Когда Акулина Яковлевна рассказывала о больнице, о советах доктора, то нет-нет да и прикладывала руку к иссохшей груди.
– Болит? – спросил я.
Она кивнула. Хотя о чем было спрашивать, погляди – и увидишь.
– Лекарства надо пить, – посоветовал я.
Собеседница лишь вздохнула в ответ.
Фельдшерский пункт на хуторе третий год уже на замке.
Дай мне бог ошибиться, но, кажется, этой зимой он рухнет, а к лету его растащат. А ведь дом еще хороший, старинный, как на Дону говорят, круглый, казачий дом. Прежде ему каждый год делали небольшой ремонт: подмазывали фундамент, красили, доску-другую прибивали. И он стоял, приглядный, уютный. Старый Вьючнов последнюю фельдшерицу вспоминает добром.
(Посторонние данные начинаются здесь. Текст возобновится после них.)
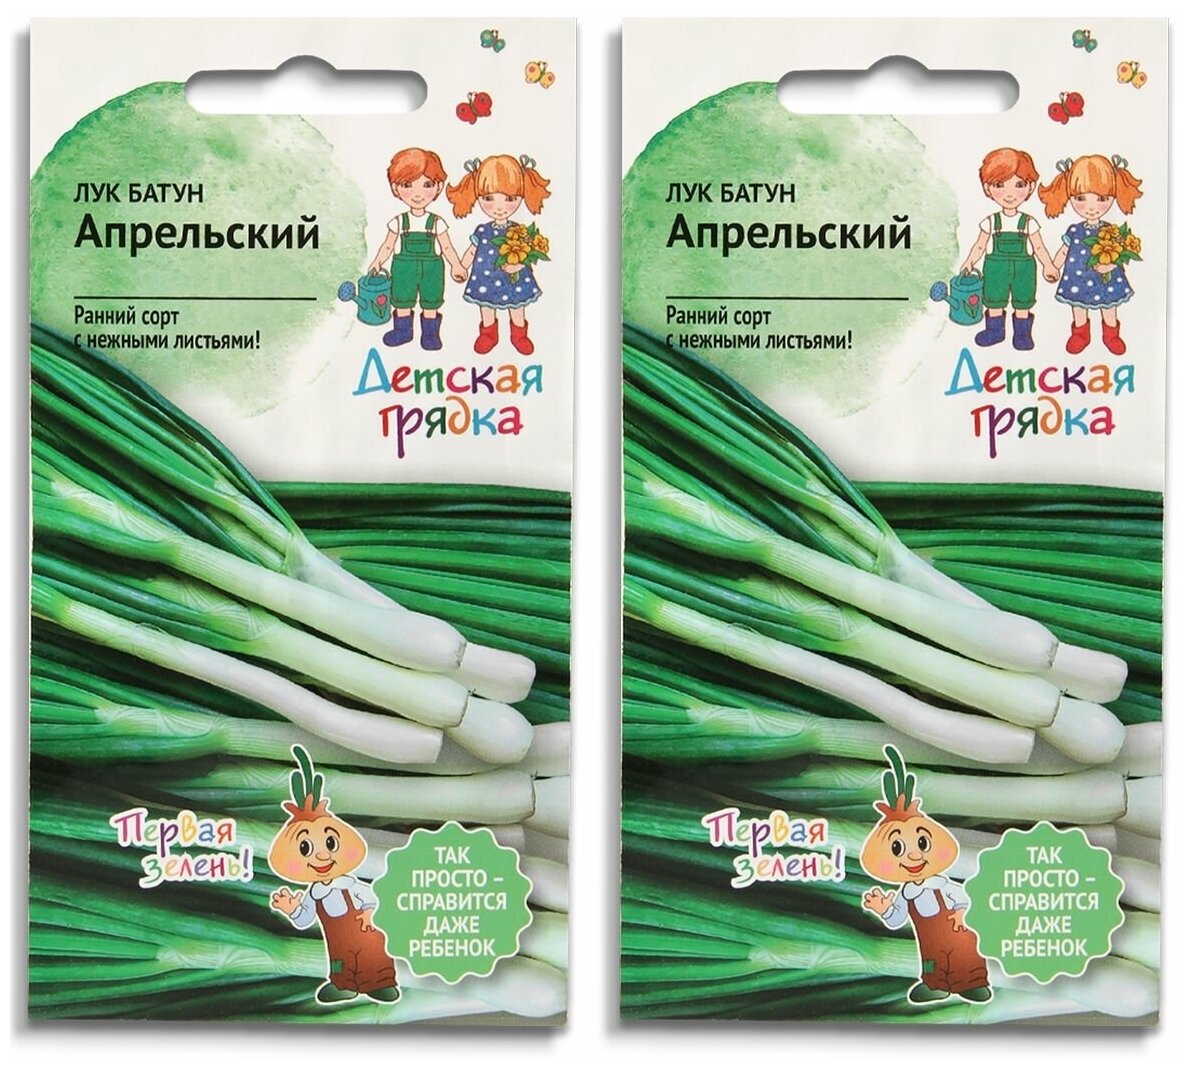 Набор семян Лук зеленый батун Апрельский 0.5 г Детская грядка - 2 уп.

Она делала ему уколы, после которых он чуял себя здоровым: «Буравлем ходил». Нынче, когда «прихватит что-то внутре», он лечится… Рука не поднимается, да и читателя жаль, так что умолчу я, чем лечится восьмидесятичетырехлетний Василий Андреевич, когда у него прихватит «что-то внутре».
– Хочешь – болей, хочешь – нет, – говорит Фома Жармелов. – В ту весну я без сознания больше суток лежал. Приезжали, сказали – вроде инфаркт. Трогать нельзя. Больше не трогают.
– Те годы таблетки возили, – вспоминает его жена. – Много было таблеток: от головы, от кашля. А последний раз, тот еще год, привезли лишь зеленку. Хочешь – лечись ей, хочешь – курей мажь для отметки.
Не станичным, с центральной усадьбы, докторам мой укор. Что они могут сделать, имея единственную машинешку для всех забот? А дороги от станицы Голубинской к пяти ее хуторам далекие и нелегкие, там и метра асфальта нет. И что хутора… Уже станица чует новые времена: собираются закрывать как нерентабельную аптеку.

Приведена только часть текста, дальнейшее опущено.